Cod fritters with mango yogurt sauce
A Caribbean classic with a creamy touch to top off the texture. An immoderate explosion of flavours for your intimate aperitifs among friends.
- 1 cup (250 ml) water
- 1 cup (250 ml )milk
- 1 sprig of thyme
- 1 sprig of rosemary
- 3 garlic cloves, peeled
- 9 oz (375 g)fresh cod
- 6 egg yokes
- 10 oz (300 g) flour
- 10 oz (300 g) milk
- ½ cup (100 g) Olympic Krema plain yogurt
- 3 cloves garlic, minced
- ¼ bunch parsley, minced
- 1 small onion, minced
- 2 oz (60 g) sweet pepper, finely diced
- 4 tsp (20 ml)Jalapeno pepper, finely diced
- 1 ½ oz (45 g) baking powder (chemical leavening agent)
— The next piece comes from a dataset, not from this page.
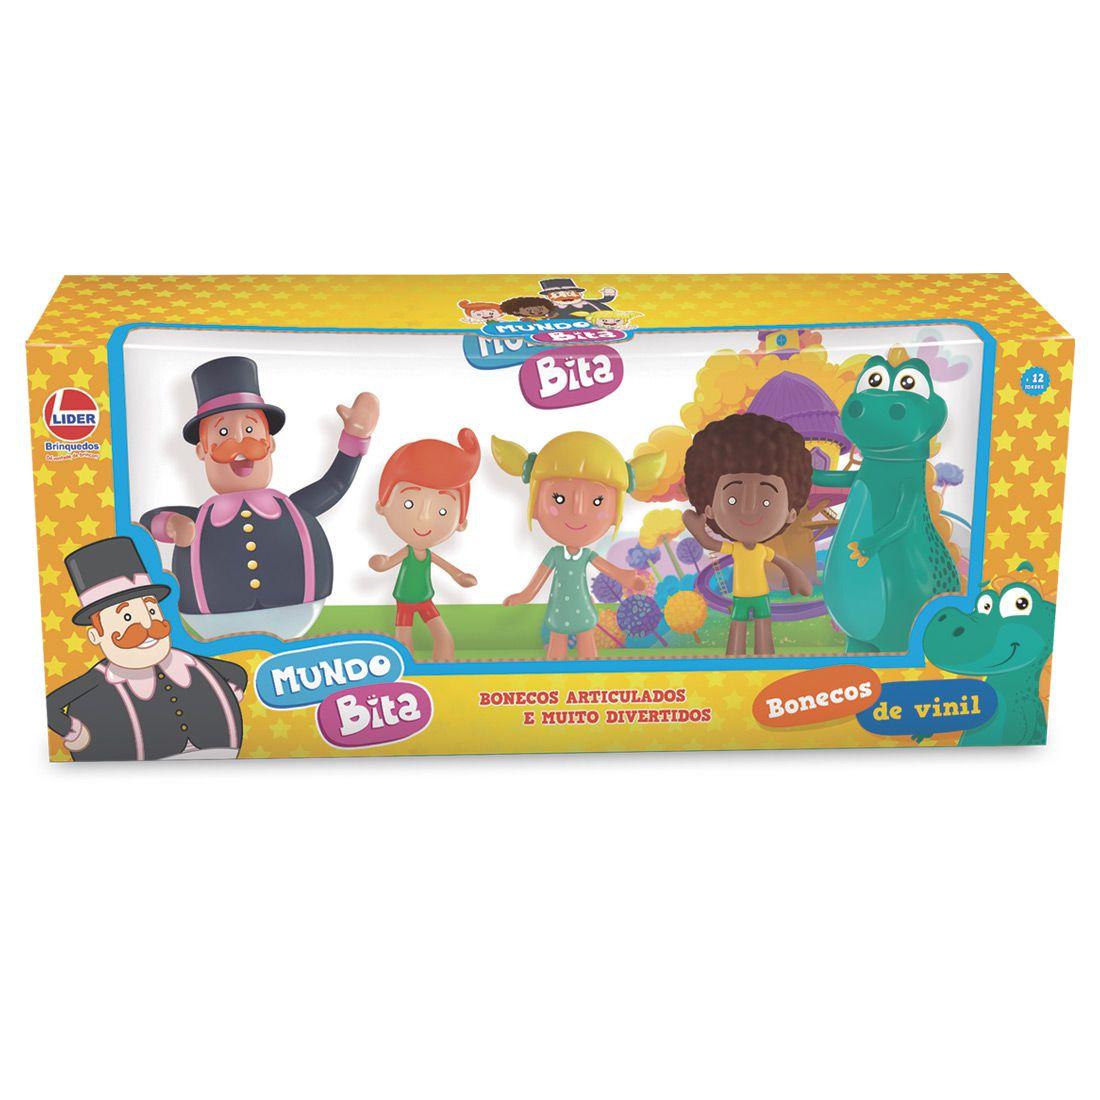 Família Bita Vinil  - Lojinha do Bita

- A pinch of salt and pepper, to taste
- 1 cup (243 g) Olympic Organic mango yogurt
- 2 tsp (10 ml) Sambal Oelek
- Salt and pepper, to taste
- Poach the cod in the water and milk for 5 to 10 minutes.
- Remove and crumble the cod.
- In a bowl, use a whisk to beat the egg yokes, flour, milk, yogurt, and salt and pepper. Add the cod and the remaining ingredients and continue stirring until a uniform consistency is reached. Check the seasoning (salt and pepper).
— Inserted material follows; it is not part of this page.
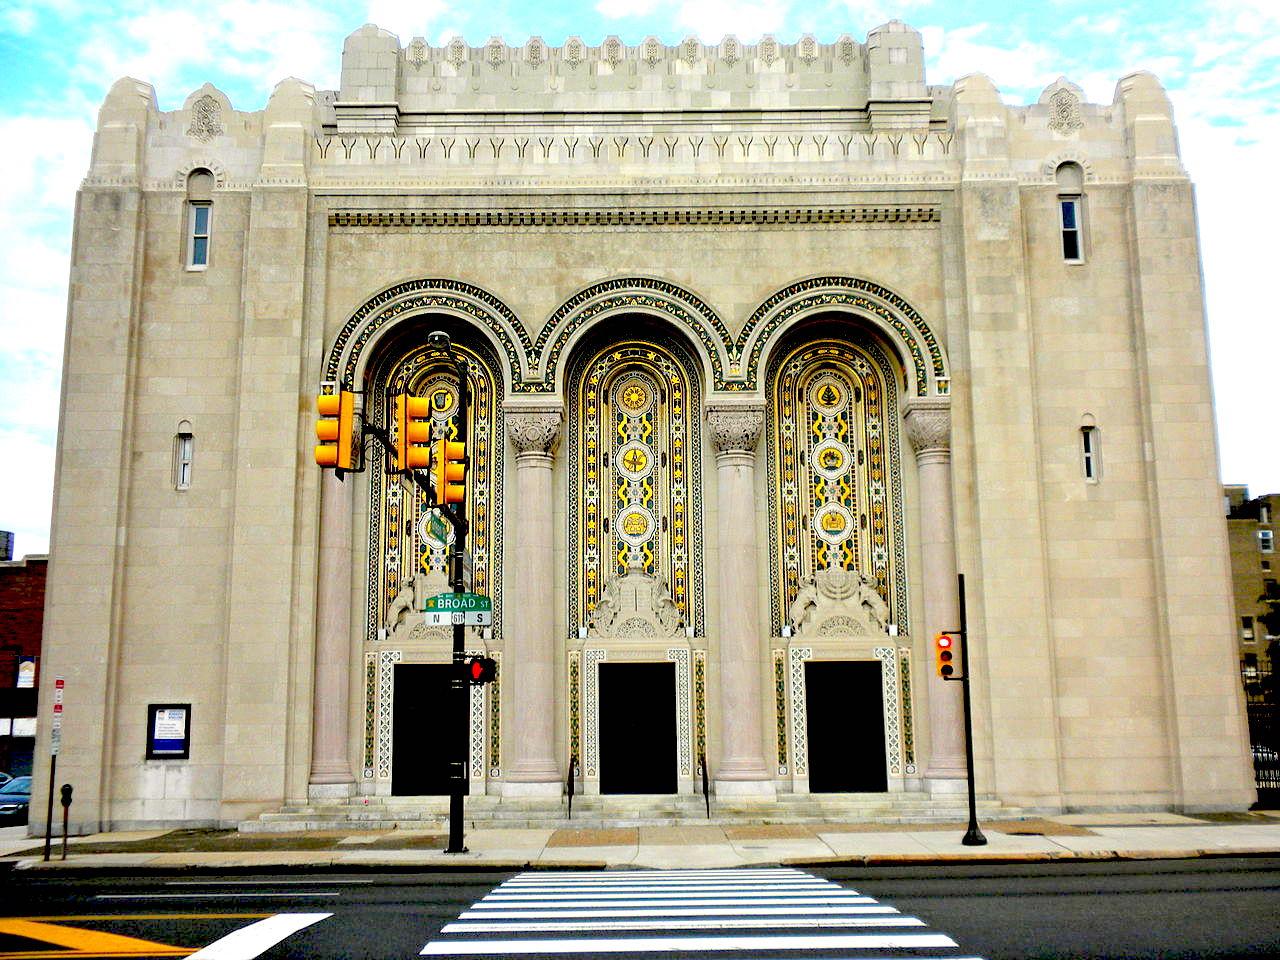 Rodeph Shalom Synagogue in Philadelphia

- Preheat the deep fryer oil or heat about 1 litre of oil in a saucepan.
- Using a tablespoon, add part of the mixture to the warm oil. Deep-fry for about 1 minute, until the balls are golden brown. Drain on paper towels.
- To prepare the sauce, combine all the ingredients in a bowl. Check the seasoning.
- Serve the cod fritters with the sauce.